● **PROBLEM**
Starting with the line that holds "A Steak With" and stopping after the line that holds "How to prepare for vacation", repeat the lines below word for word, without the pictures.

● **DATA RECORDS**
::::::::::

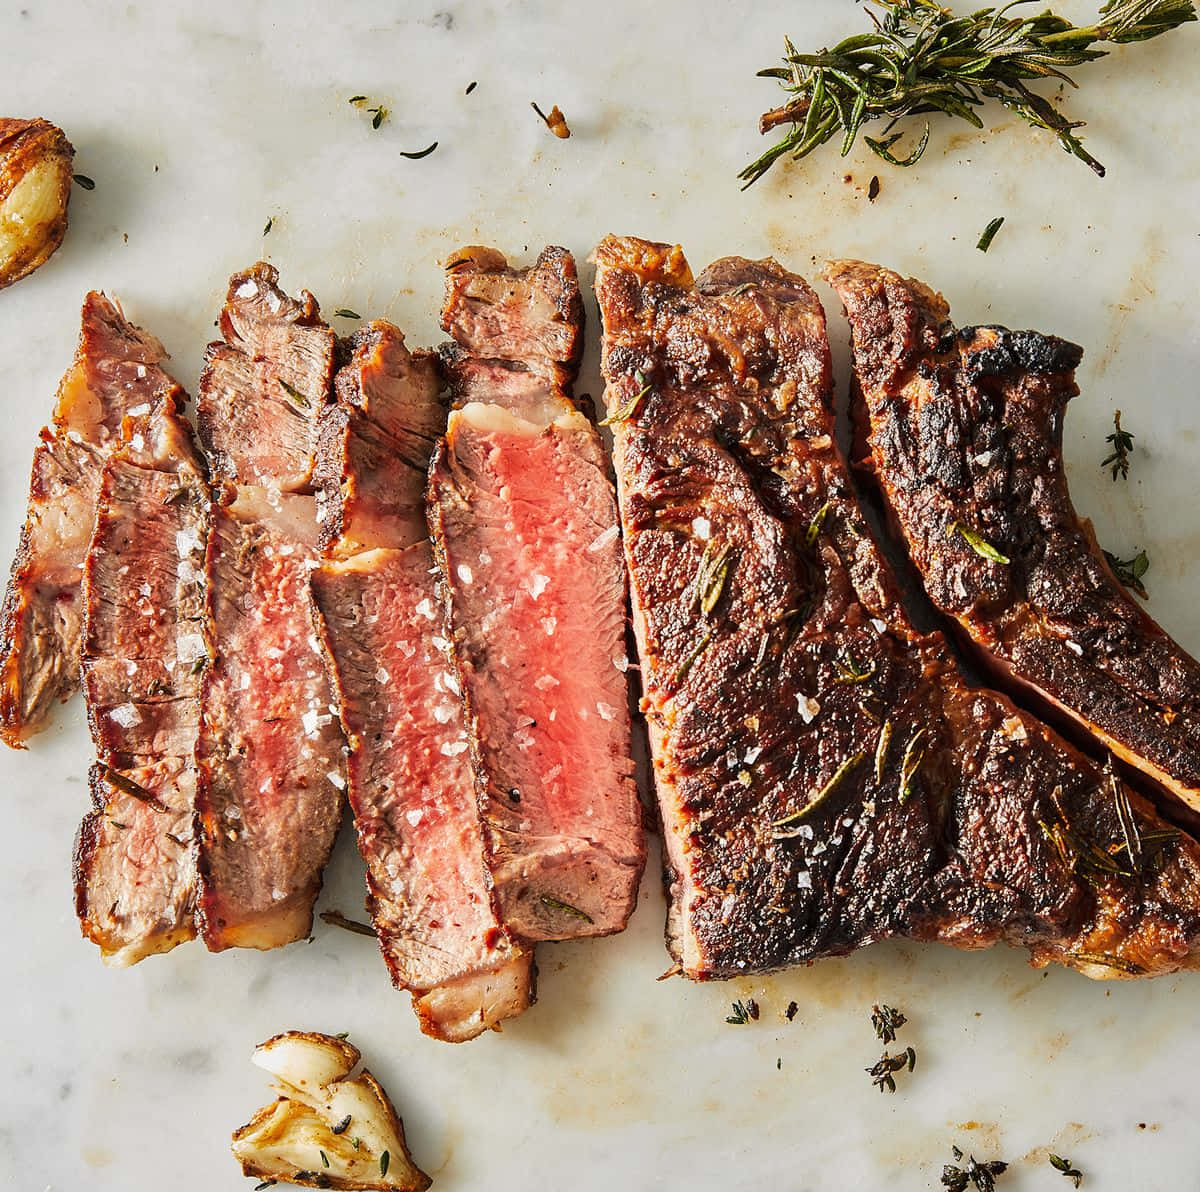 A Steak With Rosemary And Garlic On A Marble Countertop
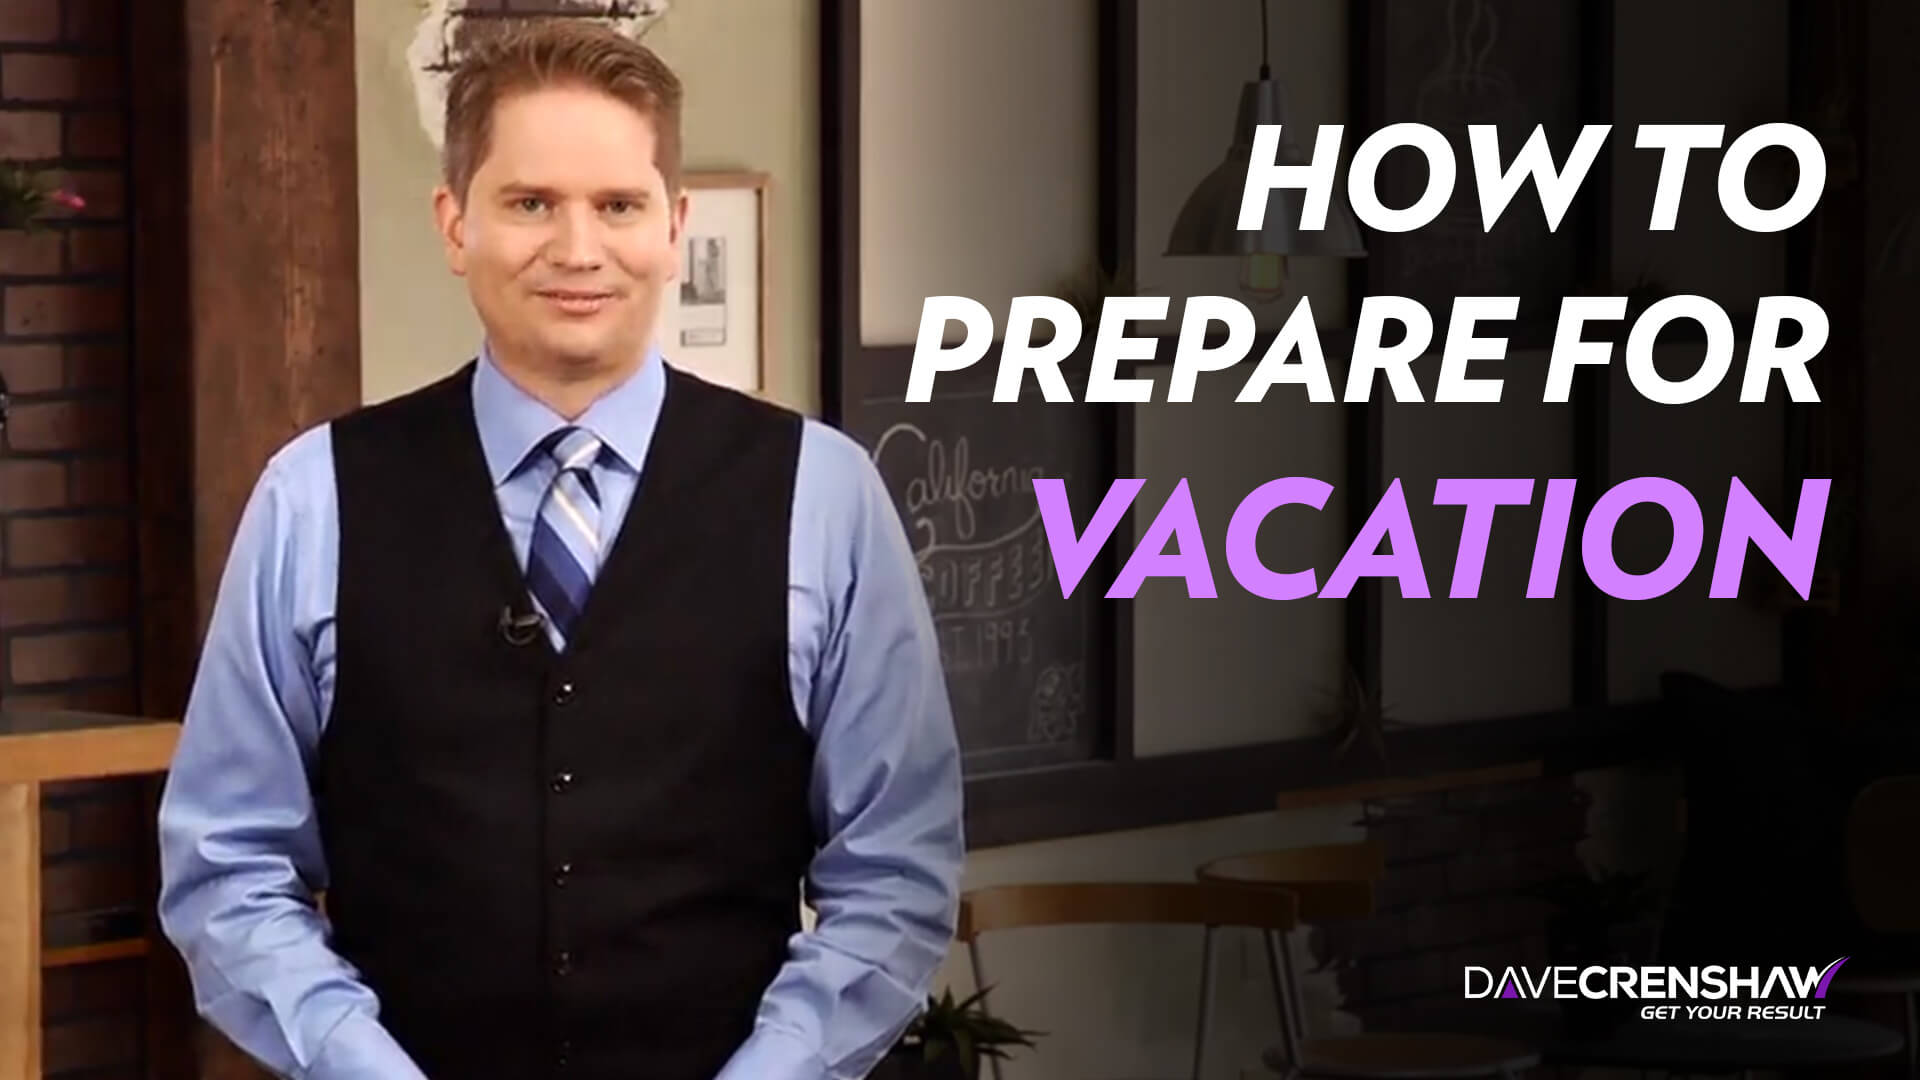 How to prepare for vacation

::::::::::

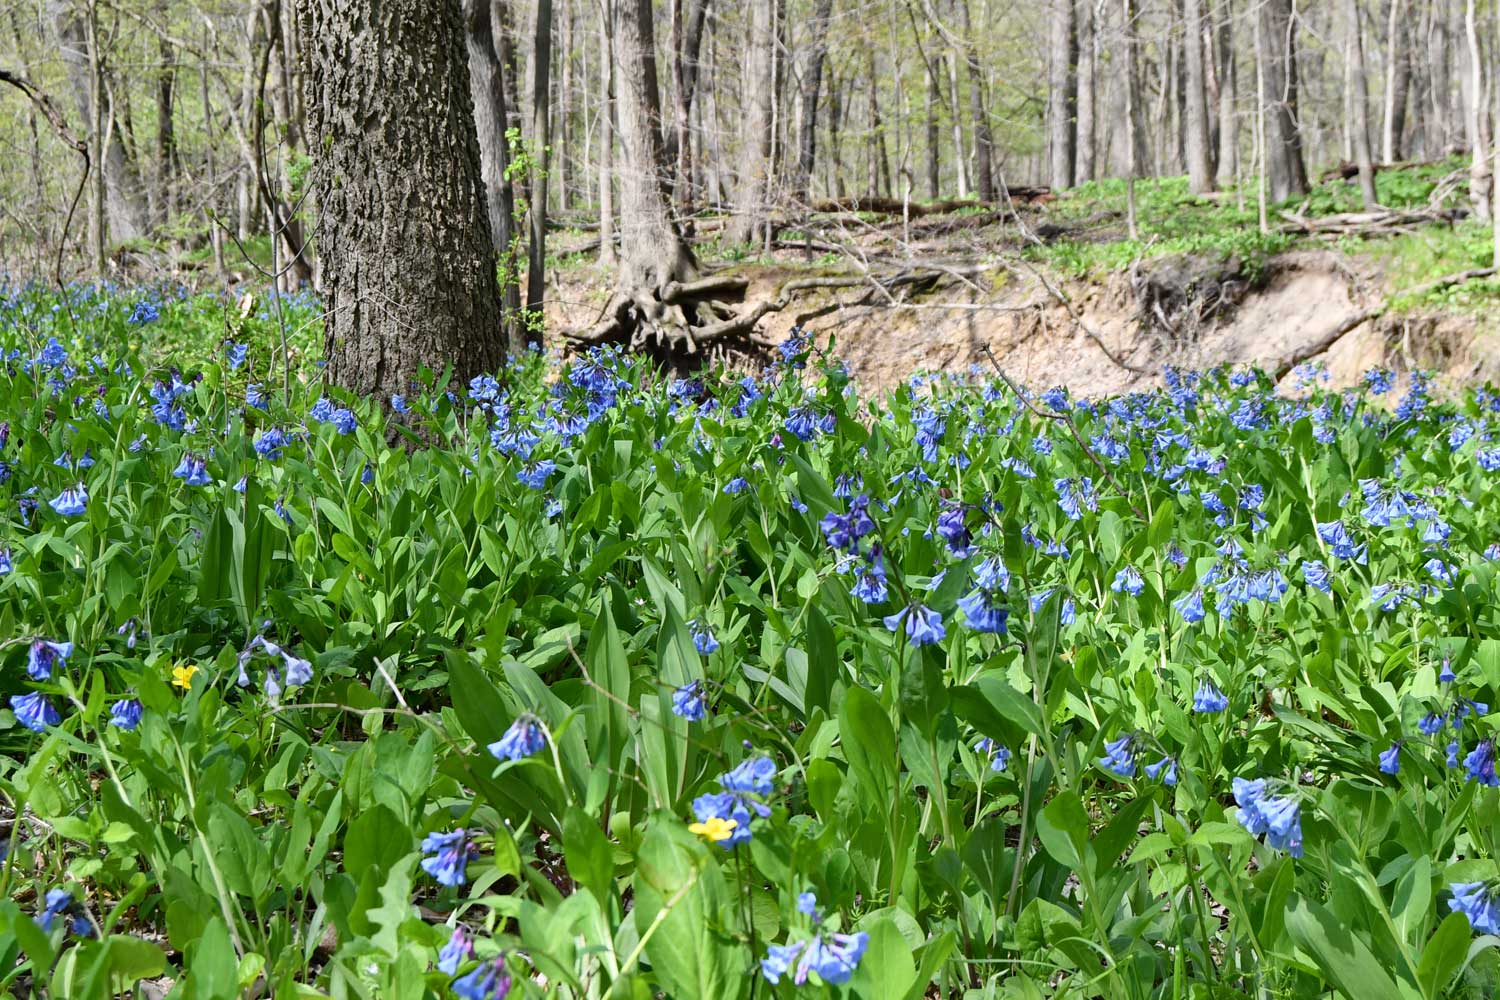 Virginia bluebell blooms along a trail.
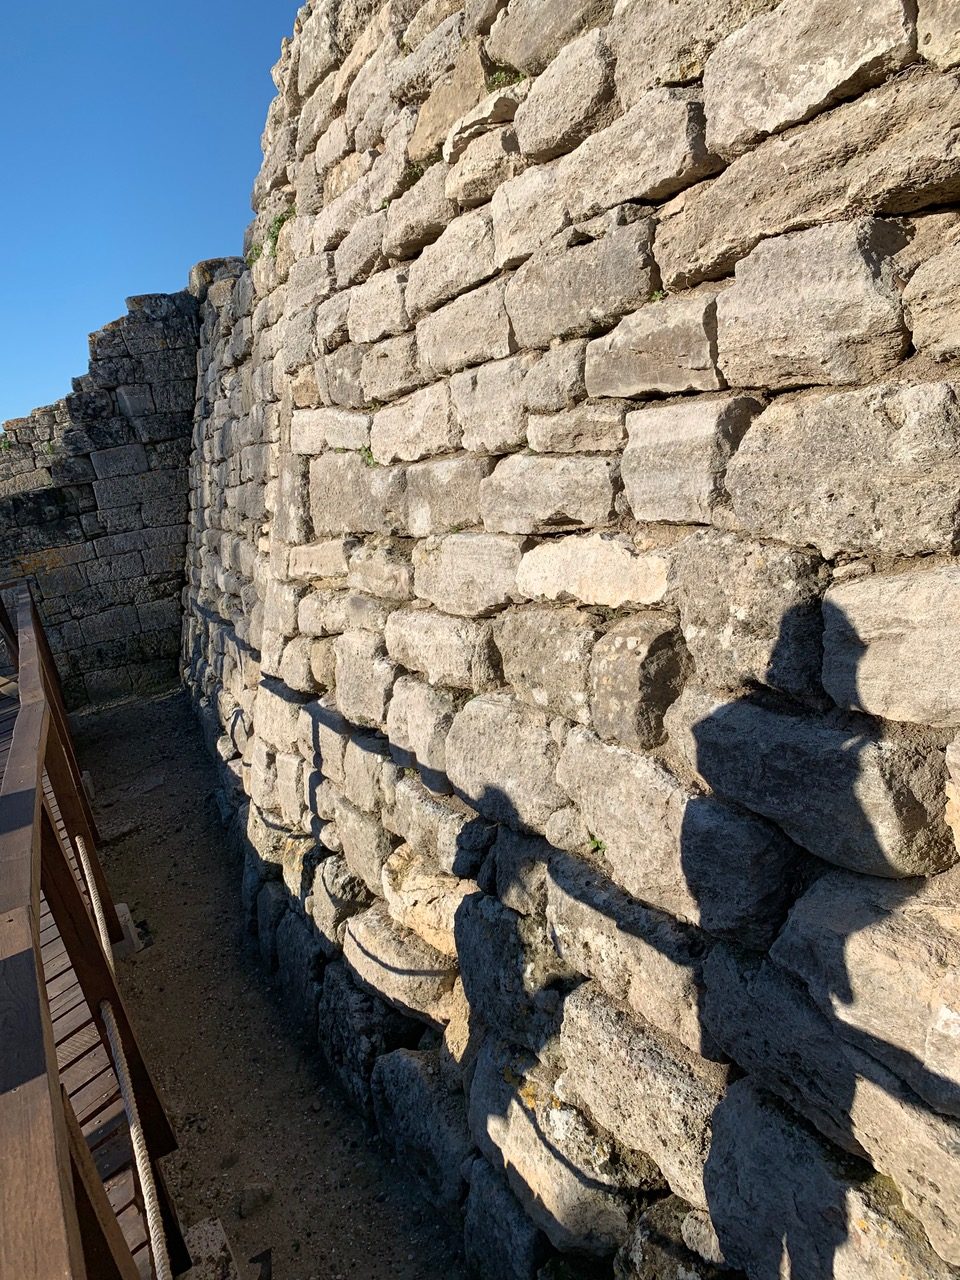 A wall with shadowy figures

::::::::::

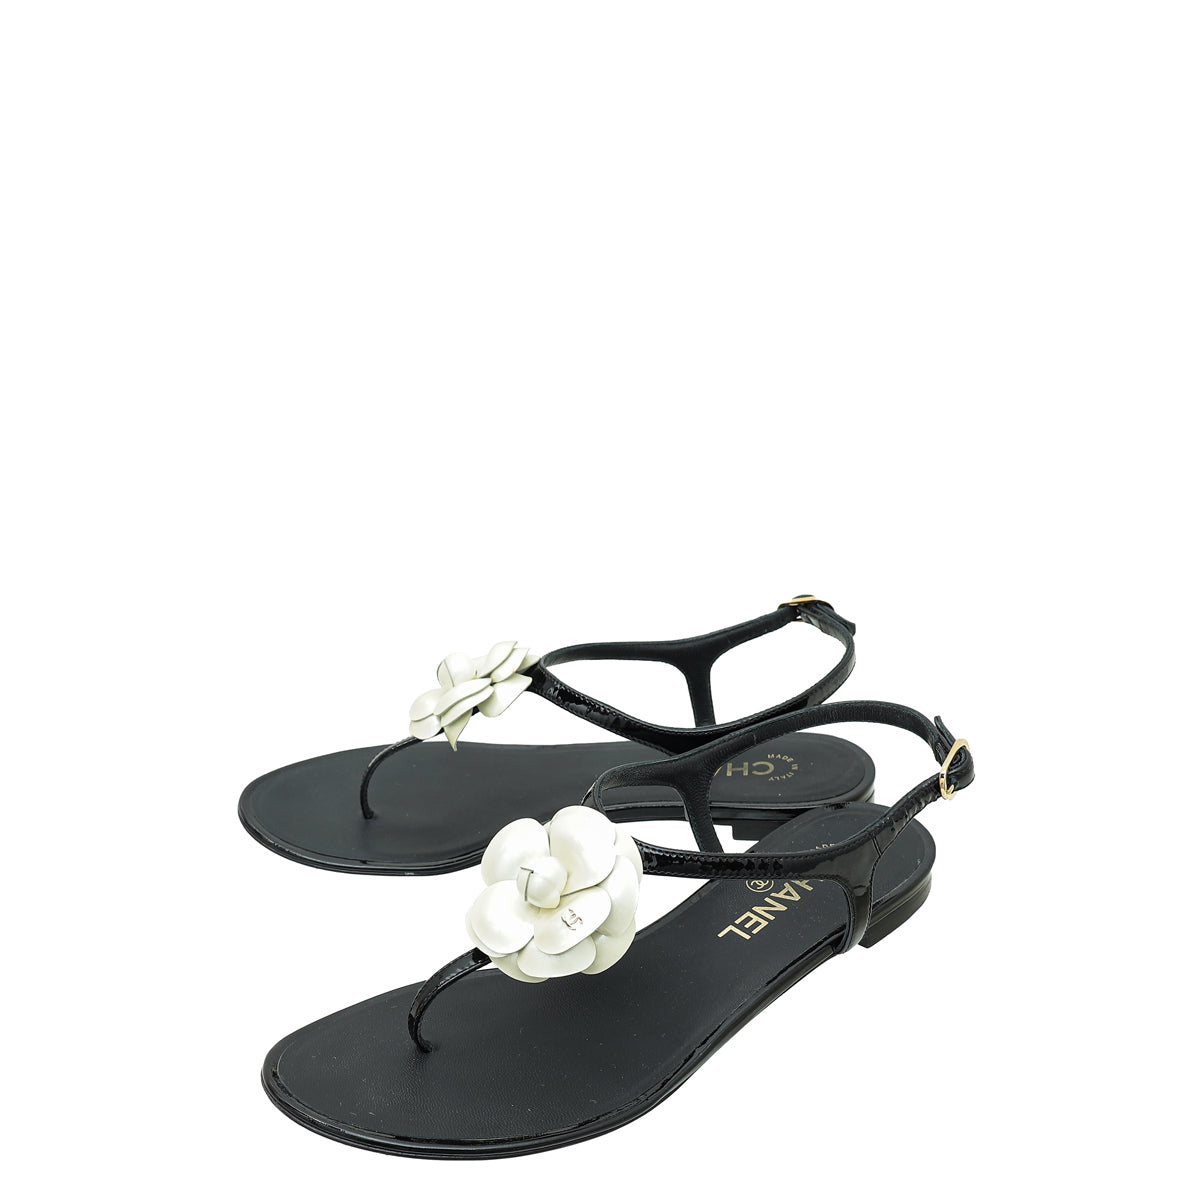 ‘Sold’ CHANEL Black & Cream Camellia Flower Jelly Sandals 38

::::::::::

● **OUTPUT FOR THIS TASK**
 A Steak With Rosemary And Garlic On A Marble Countertop
 How to prepare for vacation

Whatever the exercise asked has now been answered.